The system ignores user-specified column ordering for multicolumn PARTITION statistics. This is consistent with non-PARTITION multicolumn statistics and multicolumn indexes. The columns are ordered based on their internal field id. Because the system-derived PARTITION column has field id value of 0, it always takes the first position in multicolumn statistics.

COLLECT STATISTICS (QCD Form) and UDTs

You cannot collect statistics on UDT columns.

COLLECT STATISTICS (QCD Form) And Large Objects

You cannot collect statistics on BLOB or CLOB columns.

COLLECT STATISTICS (QCD Form) Does Not Collect Statistics For The Optimizer

Unlike the standard COLLECT STATISTICS statement, COLLECT STATISTICS (QCD Form) does not write the statistics it collects into the data dictionary for use by the Optimizer. The COLLECT STATISTICS (QCD Form) writes its statistics into the TableStatistics table of the specified QCD database, where the information is used by various database query analysis tools to perform index analysis and validation.
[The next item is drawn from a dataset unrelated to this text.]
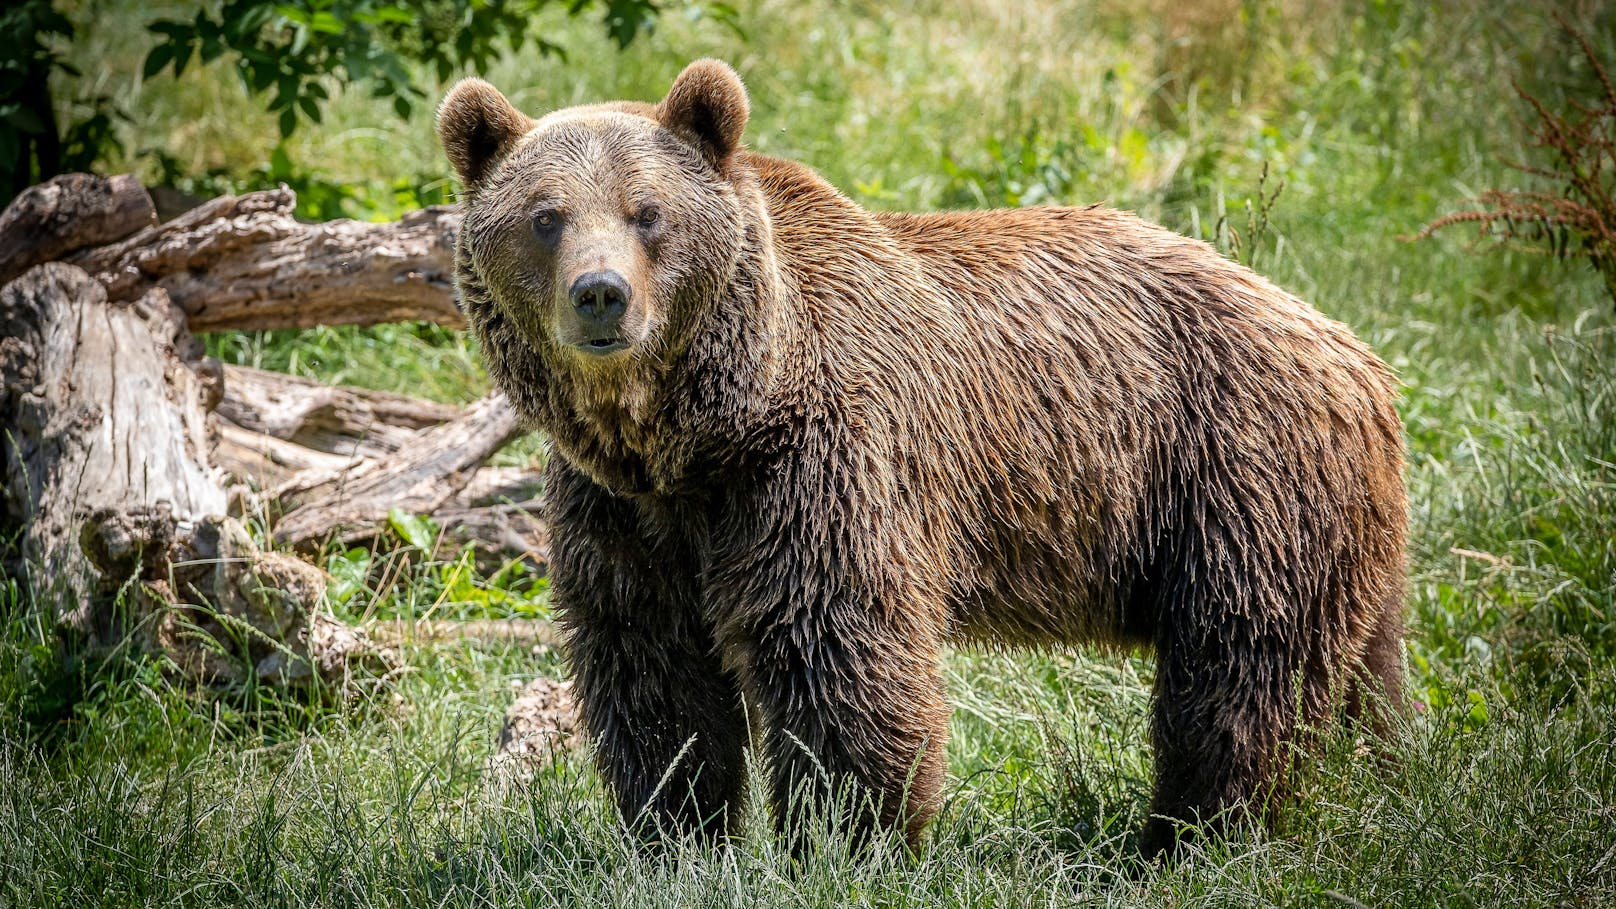 In Italien ist eine hitzige Debatte um das Zusammenleben von Bär und Mensch entbrannt. (Symbolbild)

Because COLLECT STATISTICS (QCD Form) does not write its statistics to the data dictionary, it does not place locks on dictionary tables. Through appropriate control of the sample size, you can collect sample statistics for index analysis during production hours without a noticeable negative effect on system performance.

Implicit Recollection of QCD Statistics Is Not Supported

Unlike COLLECT STATISTICS (Optimizer Form), you cannot recollect statistics implicitly on indexes and columns for which statistics have been collected in the past. You must specify an explicit index or column name each time you collect statistics using COLLECT STATISTICS (QCD Form).

COLLECT STATISTICS (QCD Form) Is Not Treated As DDL By The Transaction Manager

You can place a COLLECT STATISTICS (QCD Form) request anywhere within a transaction because it is not treated as a DDL statement by the Transaction Manager.

COLLECT STATISTICS (QCD Form) Collects New Statistics Even If Statistics Exist In the Data Dictionary or QCD

COLLECT STATISTICS (QCD Form) always collects its own fresh statistics on candidate index columns, even if a statistical profile of the specified columns or index columns already exists in the data dictionary or QCD for table_name, to ensure that index analyses are always performed using current statistics.

Fresh statistics are also collected whenever you perform an INSERT EXPLAIN request and specify the WITH STATISTICS clause. See INSERT EXPLAIN for more information.

Quality of Statistics As a Function of Sample Size

The larger the sample size used to collect statistics, the more likely the sampled statistics are an accurate representation of population statistics. There is a trade-off for this accuracy: the larger the sample size, the longer it takes to collect the statistics.

You cannot use sampling to collect COLUMN statistics for the partitioning columns of row-partitioned tables and you should not use sampling to collect INDEX statistics for those columns. The collect statistics on the system-derived PARTITION or PARTITION#Ln columns.